As he was trying to describe why this was important, he used a word I wasn’t sure I had heard correctly. That word was ‘decode’. In essence what he was saying was that you need to have a forensic understanding of what is happening all the time…and then do something with that information. I’ll come back to the bit about doing something, but I was really struck by the word decode. Too often we make assumptions we know what is going on, or we accept that the information we have is ‘good enough’. You might know that I/O performance on a particular disk array has degraded, but how quickly can you find out what specific micro-service relationships are causing the problem and, will you be able to do that before end-users start to complain about application response times. We need to decode the flood of data we receive in such a way that we can not only react more quickly, but also start to predict issues before they occur.

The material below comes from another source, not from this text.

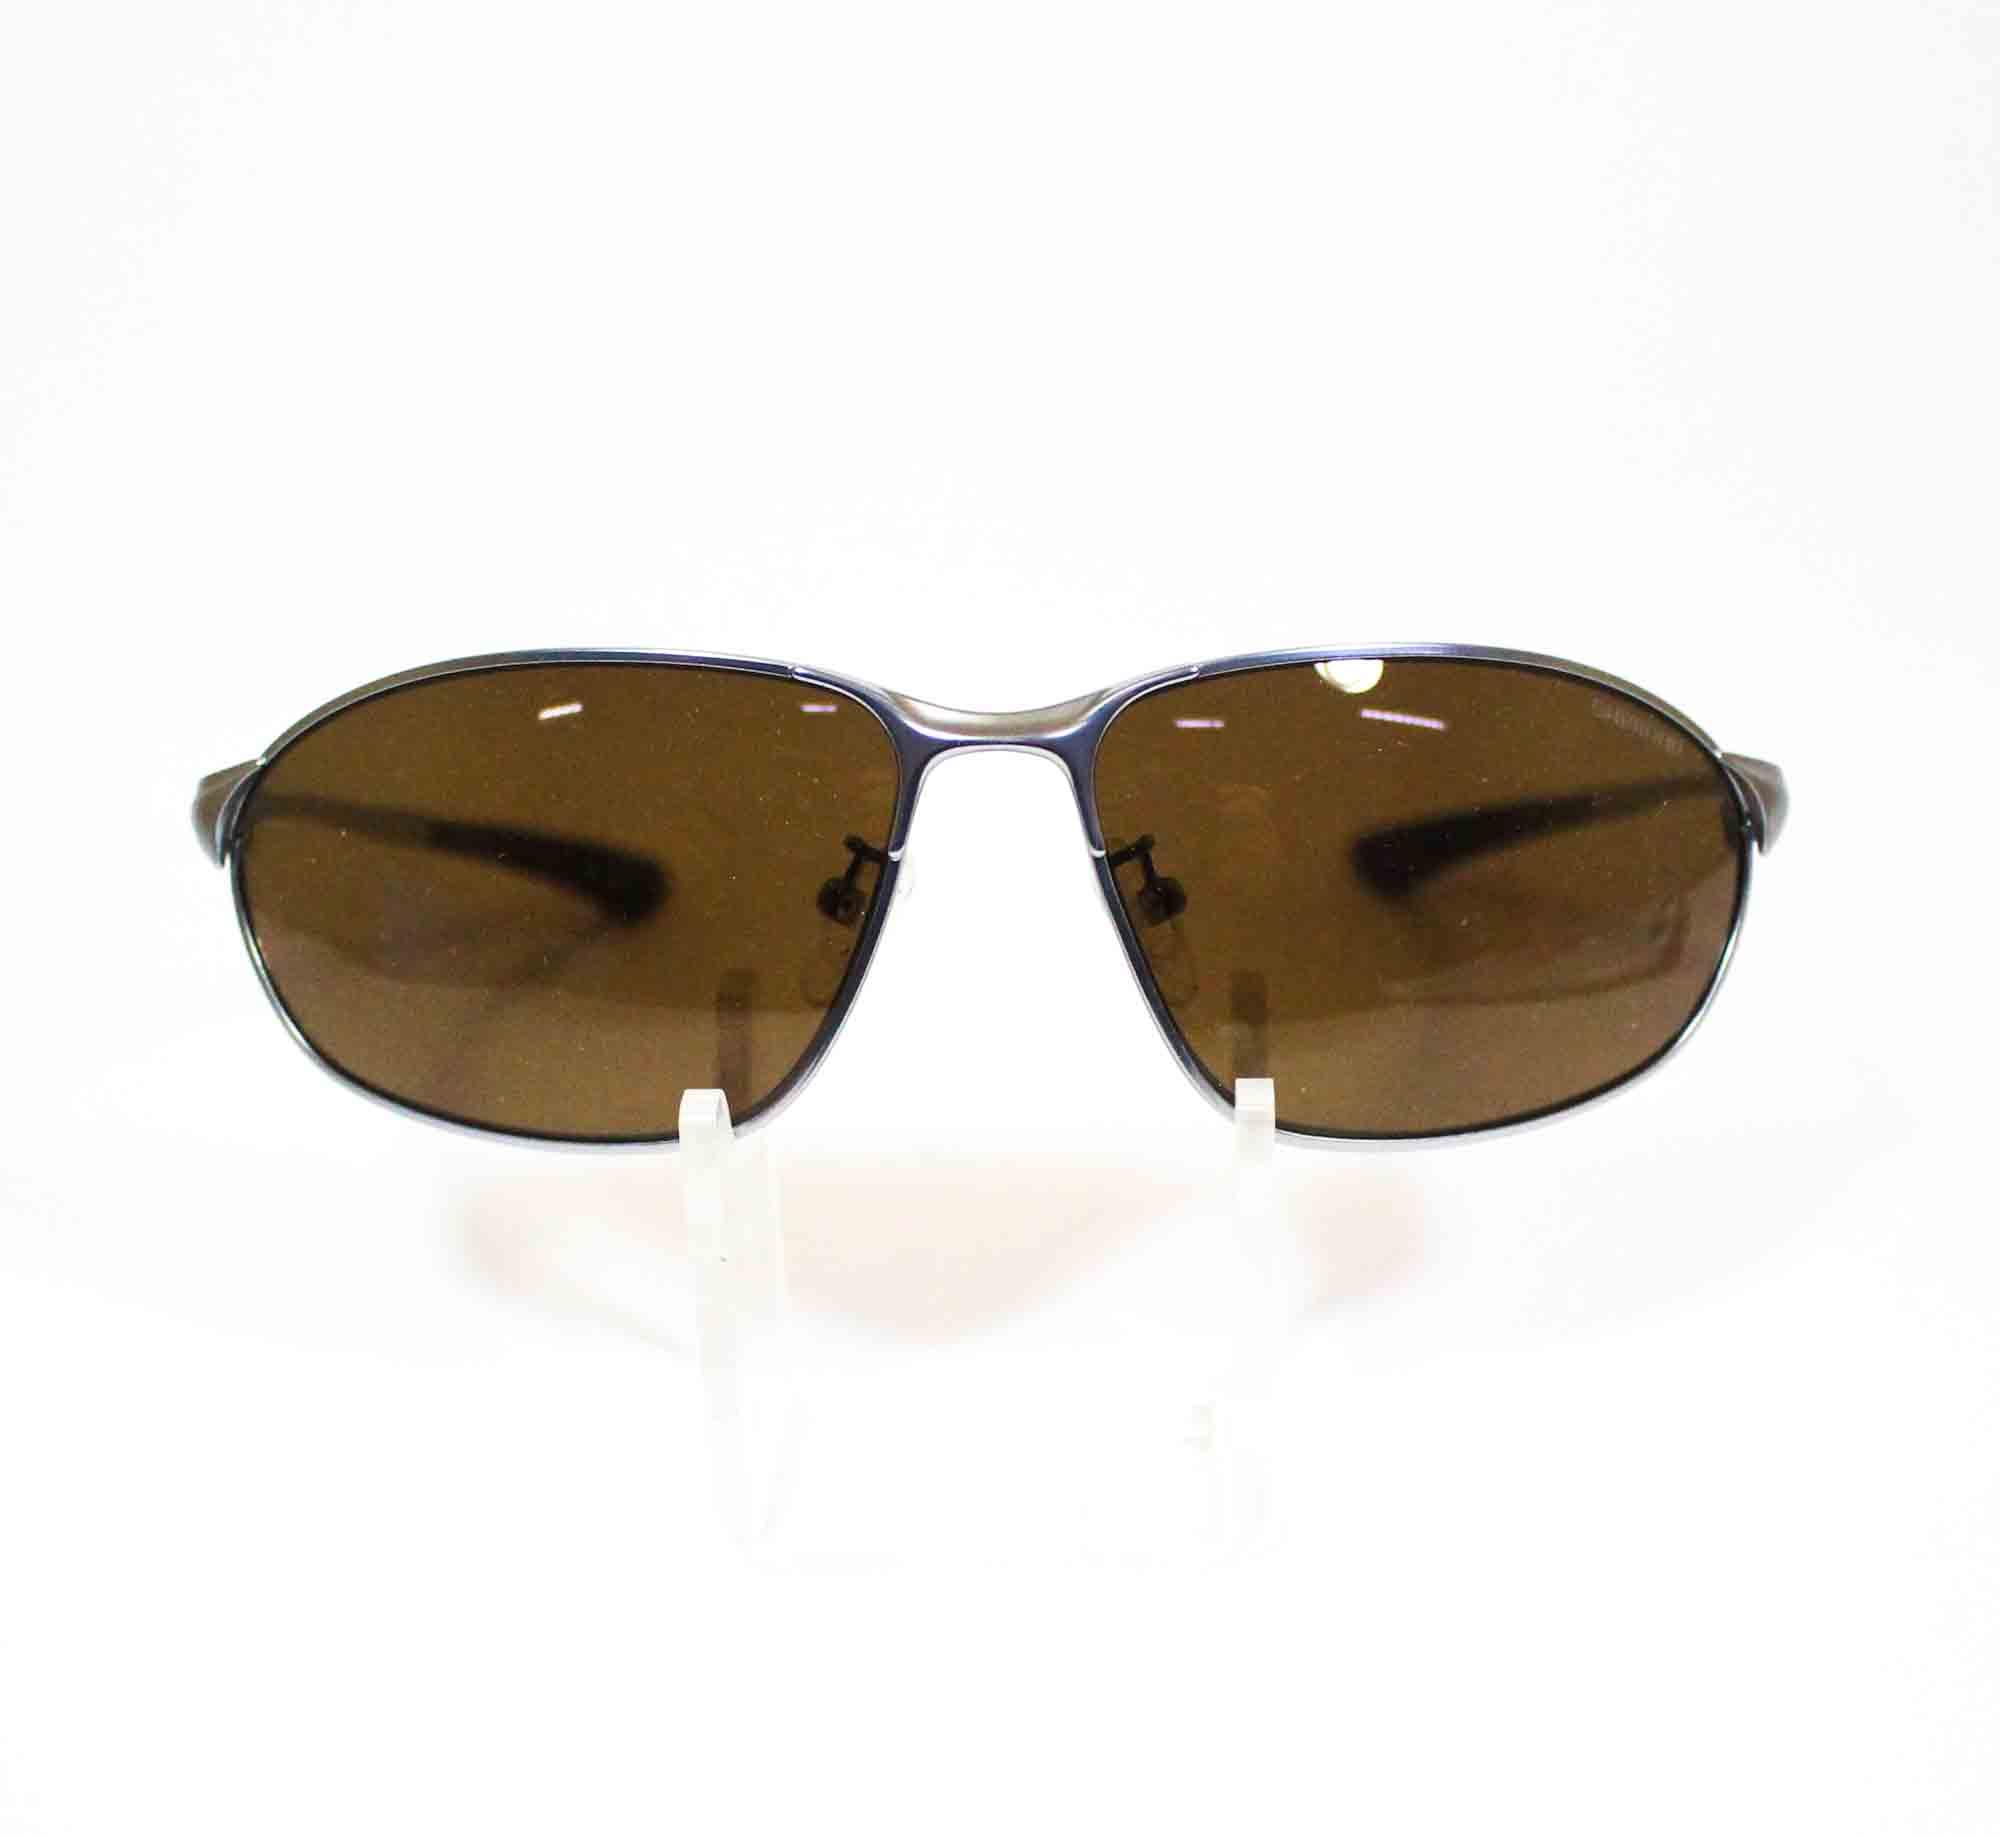 Shimano HG-063M Sunglasses Polarised Metal Frame Brown (8269)

This is where advances in technology are making life easier. Data Lakes and a wide variety of new cost effective and highly performant storage solutions, provide the ability to be able to ingest and store vast amounts of real-time data from IoT sensors, software and hardware probes. Machine Learning and advanced data analytics solutions combine to give new insights and also begin to predict issues and problems ahead of time.
When the scientists at Bletchley Park cracked the Enigma code, they got the ability not only to react to enemy actions more quickly, but also to start to understand and predict their future plans. Apply this decoding approach to IT Infrastructure environments. Less downtime or performance degradation, more effective capacity management, step changes in energy efficiency. In a digital world where IT is the business and improving IT productivity has a significant impact on the top and bottom line, summoning up your inner Bletchley Park can bring double digit improvement gains on areas you thought were already working optimally. Per second data feeds from multiple sources and machine learning augmented analytics should be on your shopping list for any IPM or data centre energy optimisation projects.
So, thank you Stefan. You can’t trademark the word decode, but I can acknowledge you as my inspiration here.